» AIM OF THE TASK
Records follow. Print exactly the lines from the one that has "Paparazzi Accessories The" through the one that has "Chapter 6: High-Speed Resumes", inclusive, and omit the pictures.

» SUPPLIED RECORDS
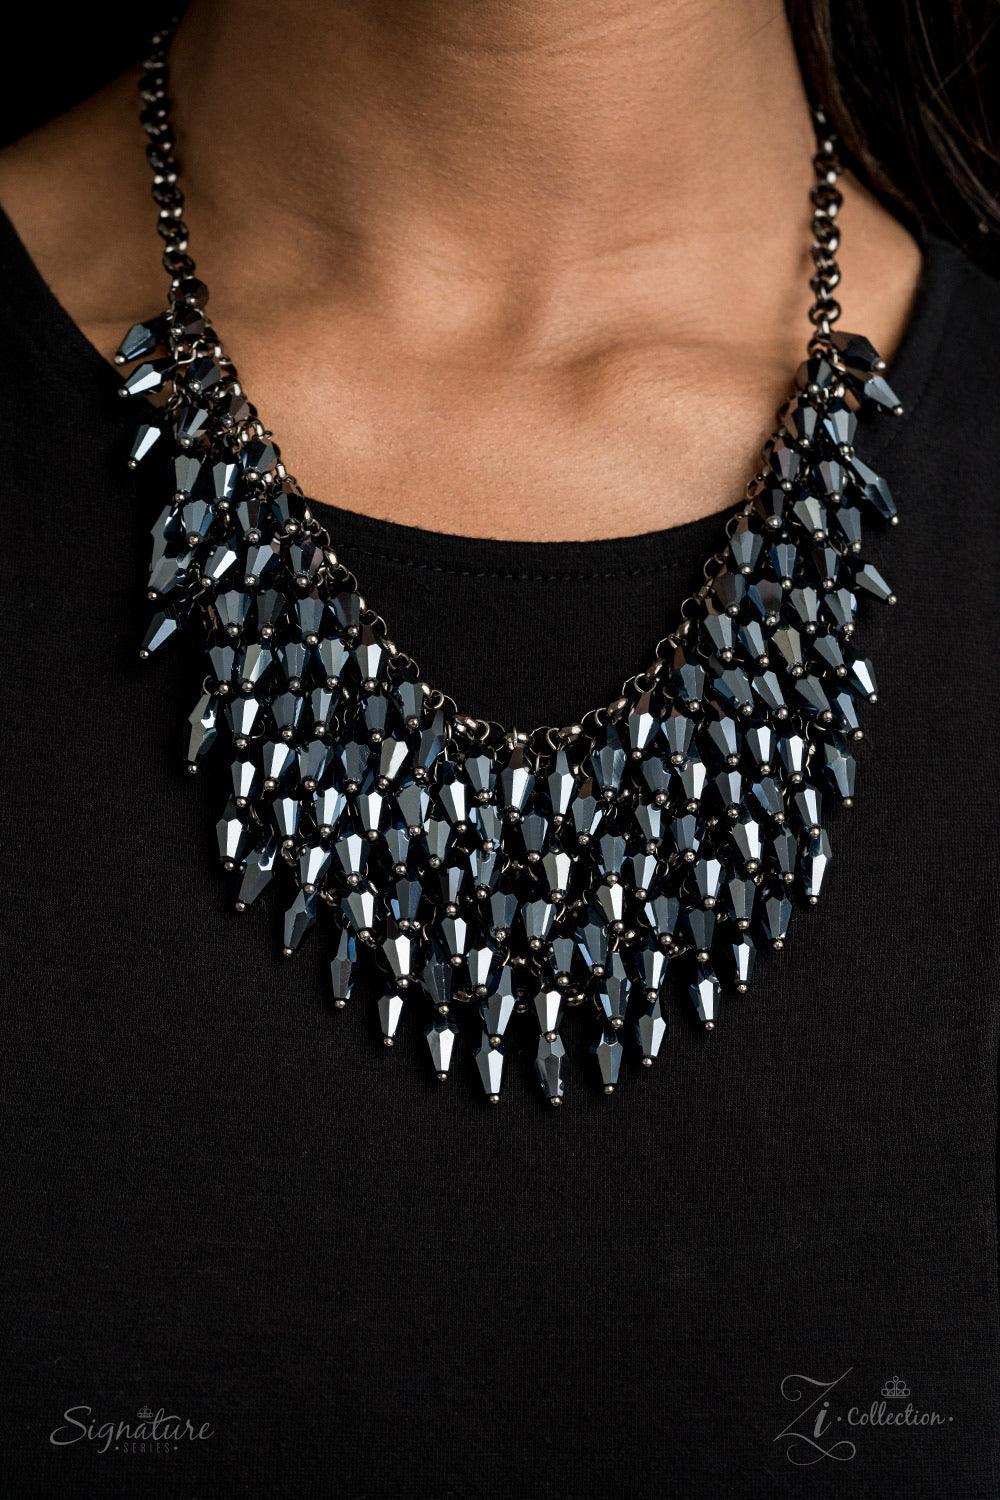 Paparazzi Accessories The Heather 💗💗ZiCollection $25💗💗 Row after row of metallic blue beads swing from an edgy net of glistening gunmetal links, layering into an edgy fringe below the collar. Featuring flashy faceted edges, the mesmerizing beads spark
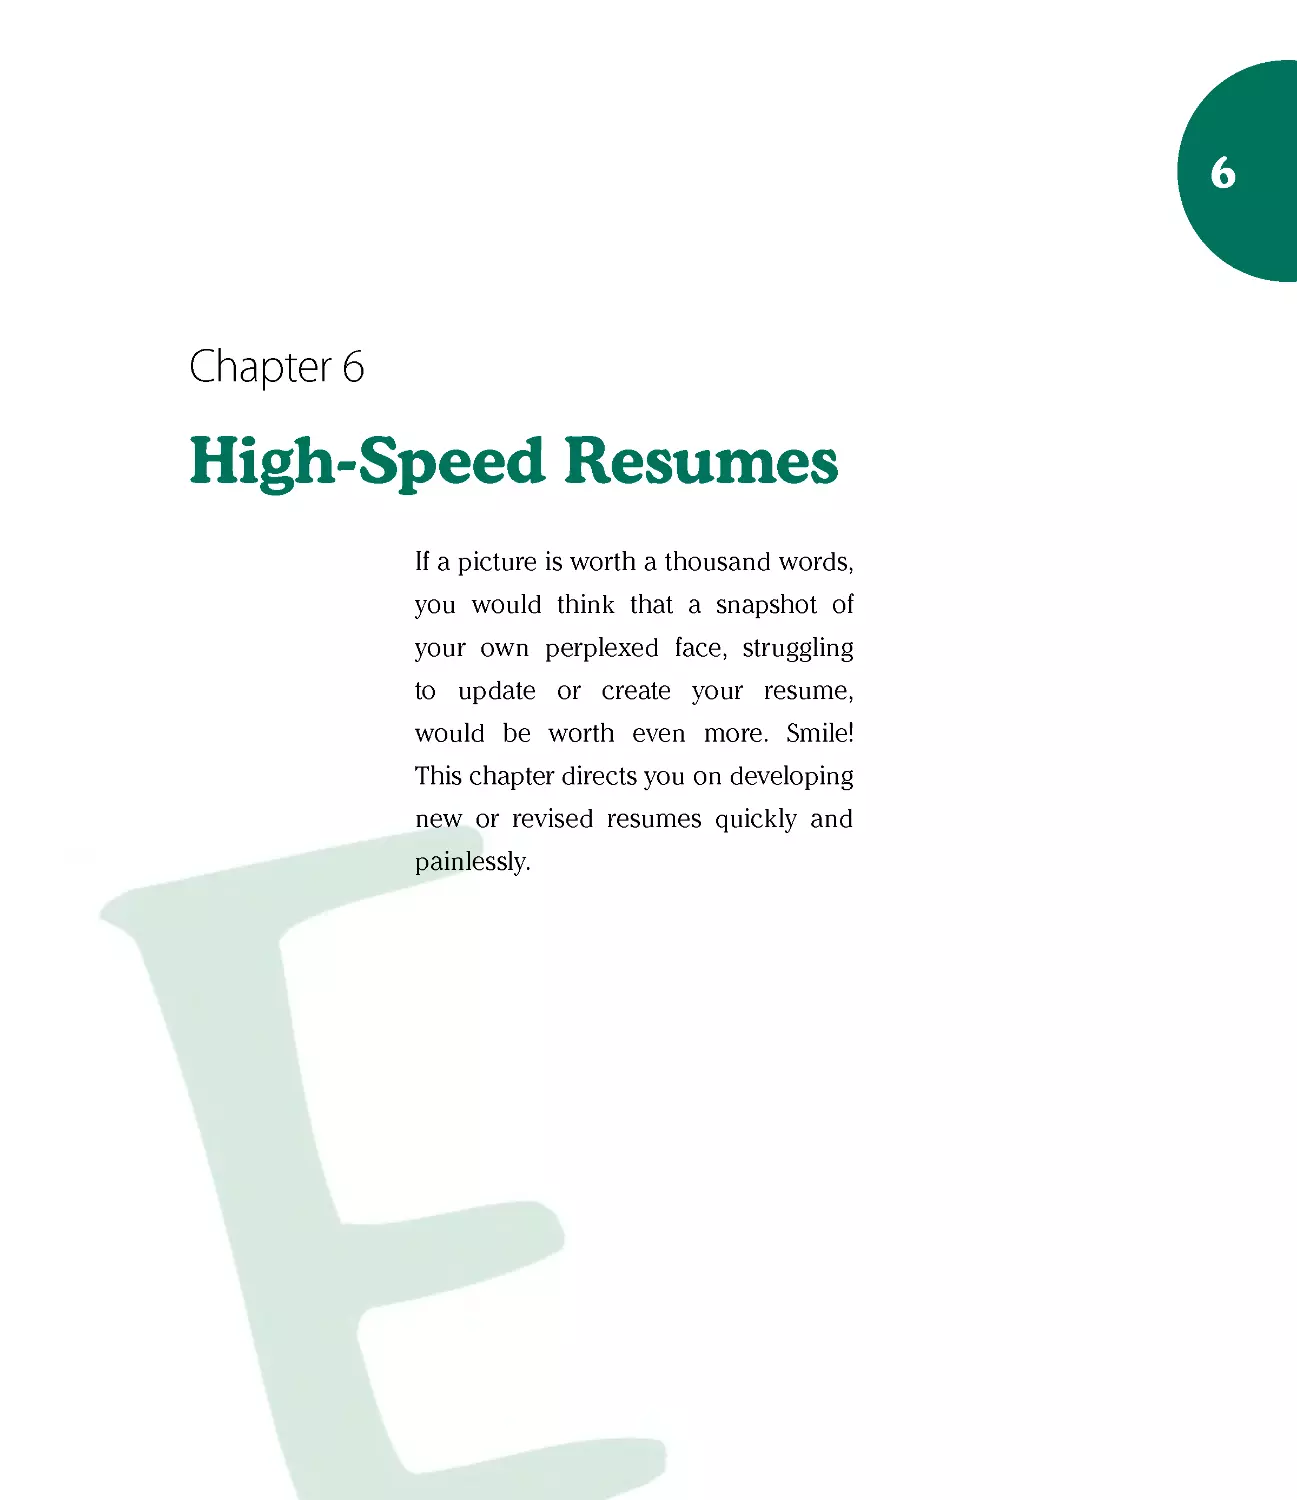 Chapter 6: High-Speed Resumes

==

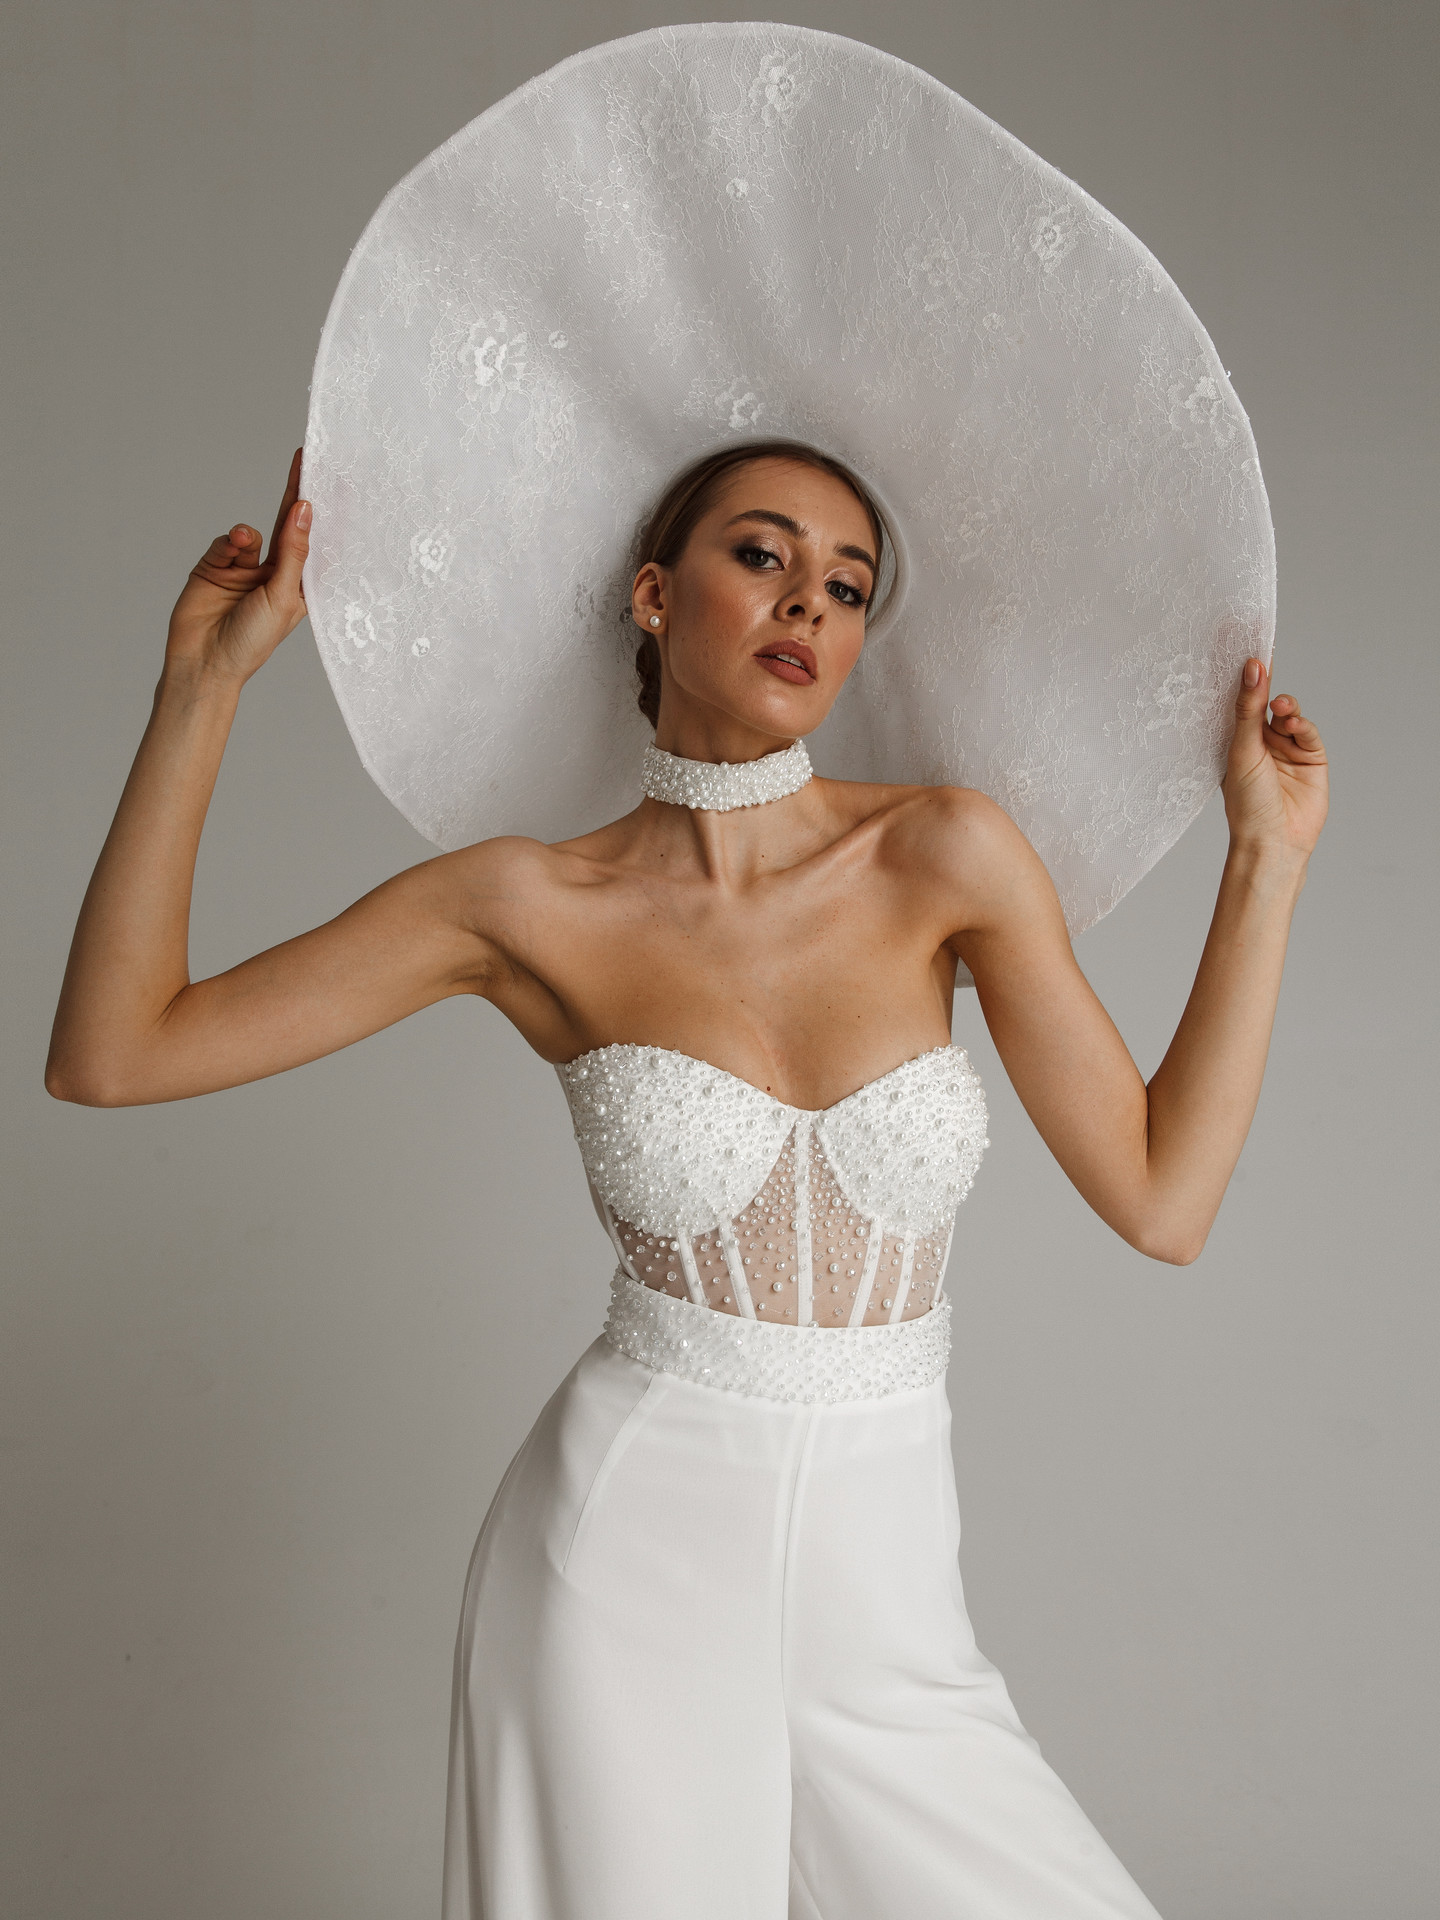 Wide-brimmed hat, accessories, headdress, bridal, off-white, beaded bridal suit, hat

» OUTPUT OF THE EXERCISE
 Paparazzi Accessories The Heather 💗💗ZiCollection $25💗💗 Row after row of metallic blue beads swing from an edgy net of glistening gunmetal links, layering into an edgy fringe below the collar. Featuring flashy faceted edges, the mesmerizing beads spark
 Chapter 6: High-Speed Resumes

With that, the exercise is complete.